Post # 1
Within the last week I’ve heard from both my mom and dad that the D word has been thrown around… more than it has been in the past. They’ve never had a strong relationship and it’s never been easy for them, but I still had a little hope they could pull through.
It’s teaching me a lot as I prepare to begin a marriage… It’s not always wedding dresses, flowers and ceremony music. Eventually those things don’t exist and children enter the picture. Things get tough… you pull through them. My Fiance has parents that divorced when he was two and now don’t speak. I’m afraid my parents are on the verge of that.
With 3 months until my own wedding I can’t help but have a heavy heart for all of this. I just need to keep saying that if it ever gets this bad with Fiance and I we will still hang on. It’s a bumpy ride but you make this commitment when you walk down that aisle.
I do believe divorce may be the best thing for some relationships… however it must be the ultimately last thing you try. Too many times these days do couples throw that word around early on in a marriage. Where did the times go where you stuck it out… thick or thin?

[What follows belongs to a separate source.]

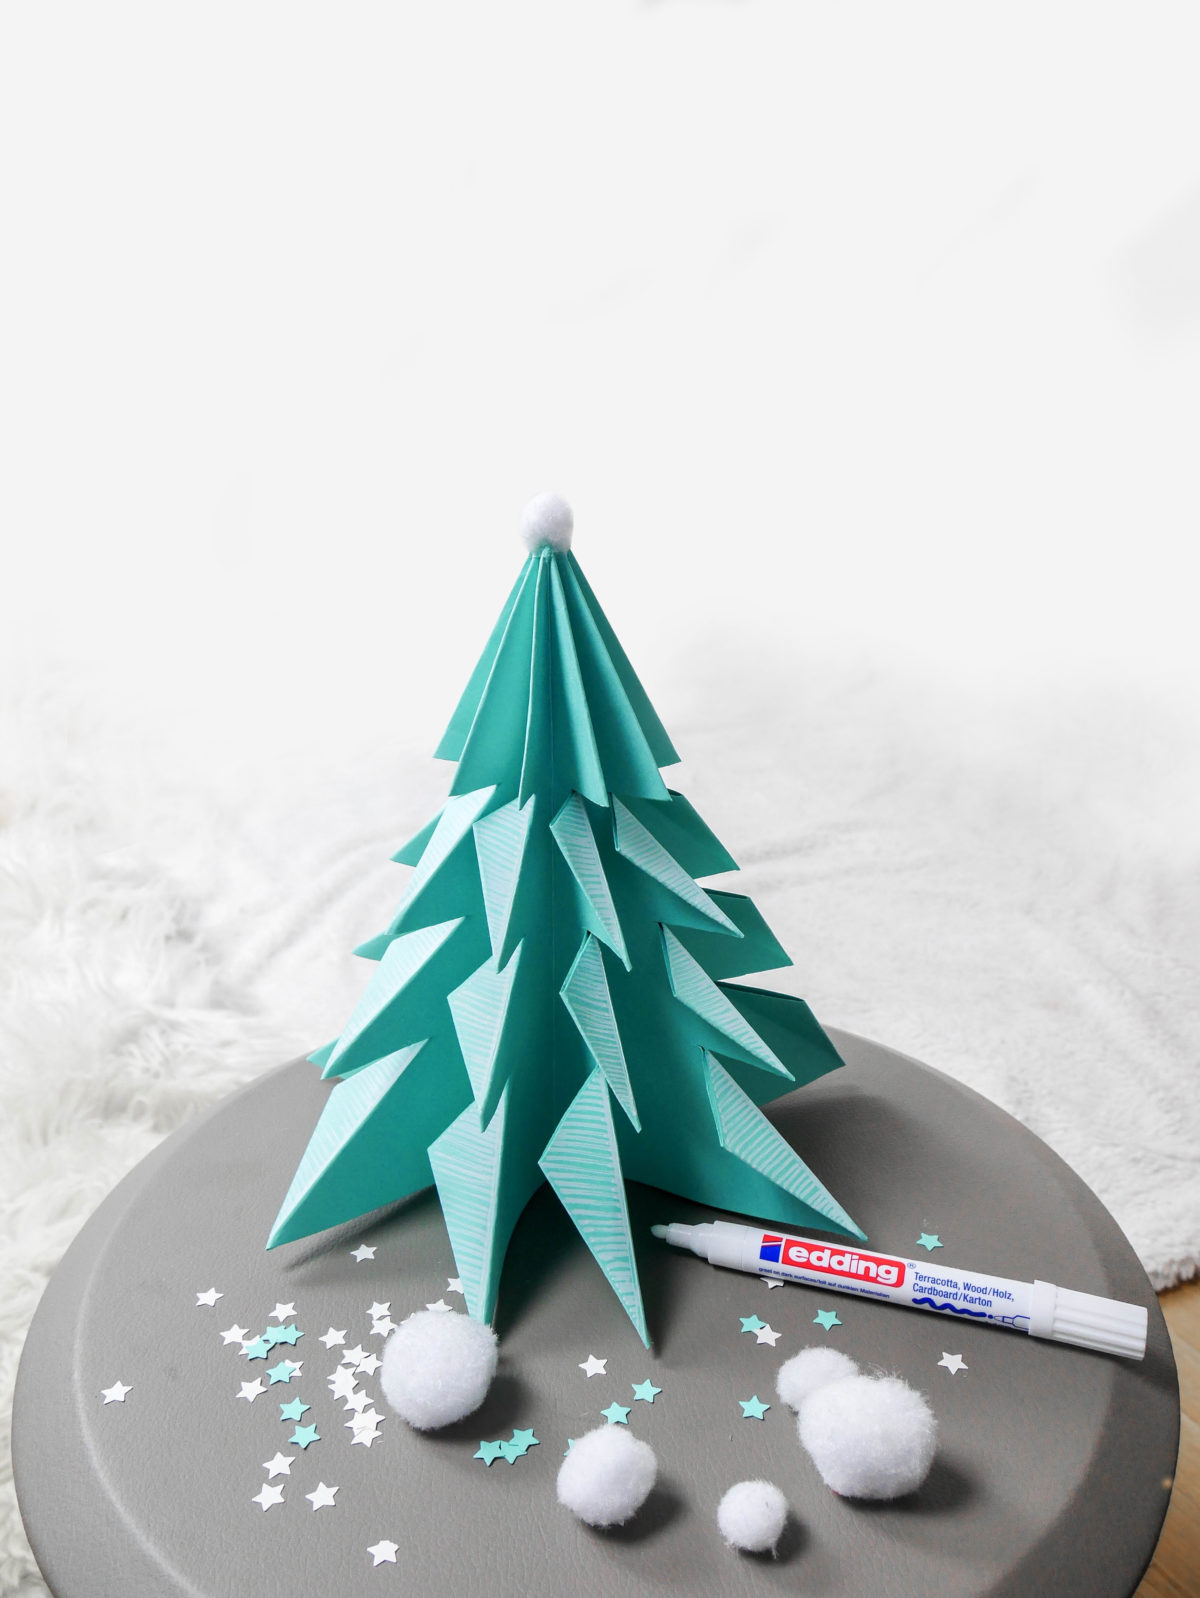 fabriquer sapin de Noël en papier pliage facile pour enfant décoration hygge slow life ecologique - blog déco - clem around the corner

I can’t write all this on my blog because too many family and friends read it and I would hate for them to find out that way. We’ll see how things turn out and maybe it’s for the best. I just hate the thought of it.
Post # 3
I’m so sorry you are going through this. I wish you and your Fiance the best and as long as you two always try to stay on the same page you will be okay.
Post # 4
I’m so sorry that this is something you’re dealing with before your wedding 🙁 It sounds like your parents have been together for a long time already, right? Hopefully it is like you said, that this is the absolute last resort if it is where it is truly heading. Just remember though that your parents’ relationship is not you and your FI’s relationship, so just keep knowing and never doubt that you and your Fiance will always be perfect for one another. Sounds like you have a strong hold on that already though!
Post # 5
My boyfriend and I are reading The Five Love Languages and learning a lot. I don’t know your parents situation, but it’s pretty interesting no matter where you are in your relationship. Check it out on Amazon.
Post # 6
I am so sorry that this is happening! I hope that whatever ends up happening, happens with harmony for all involved. I know several divorced couples who are very good about being friendly when brought together in social situations. Not all, but most. Hopefully, IF your parents do choose to end their marriage, they will take into account that their personal feelings for each other should not in any way negatively impact the rest of the family. I can only imagine the stress and sadness you must be feeling right now. Sending virtual hugs!
Post # 7
I don’t know how close you are to your parents but what about doing a couples thing with them? Maybe you could approach them and say, hey, as we prepare for marriage could you help me and Fiance out. It would be a good bonding experience and maybe they would get something out of it, and maybe not.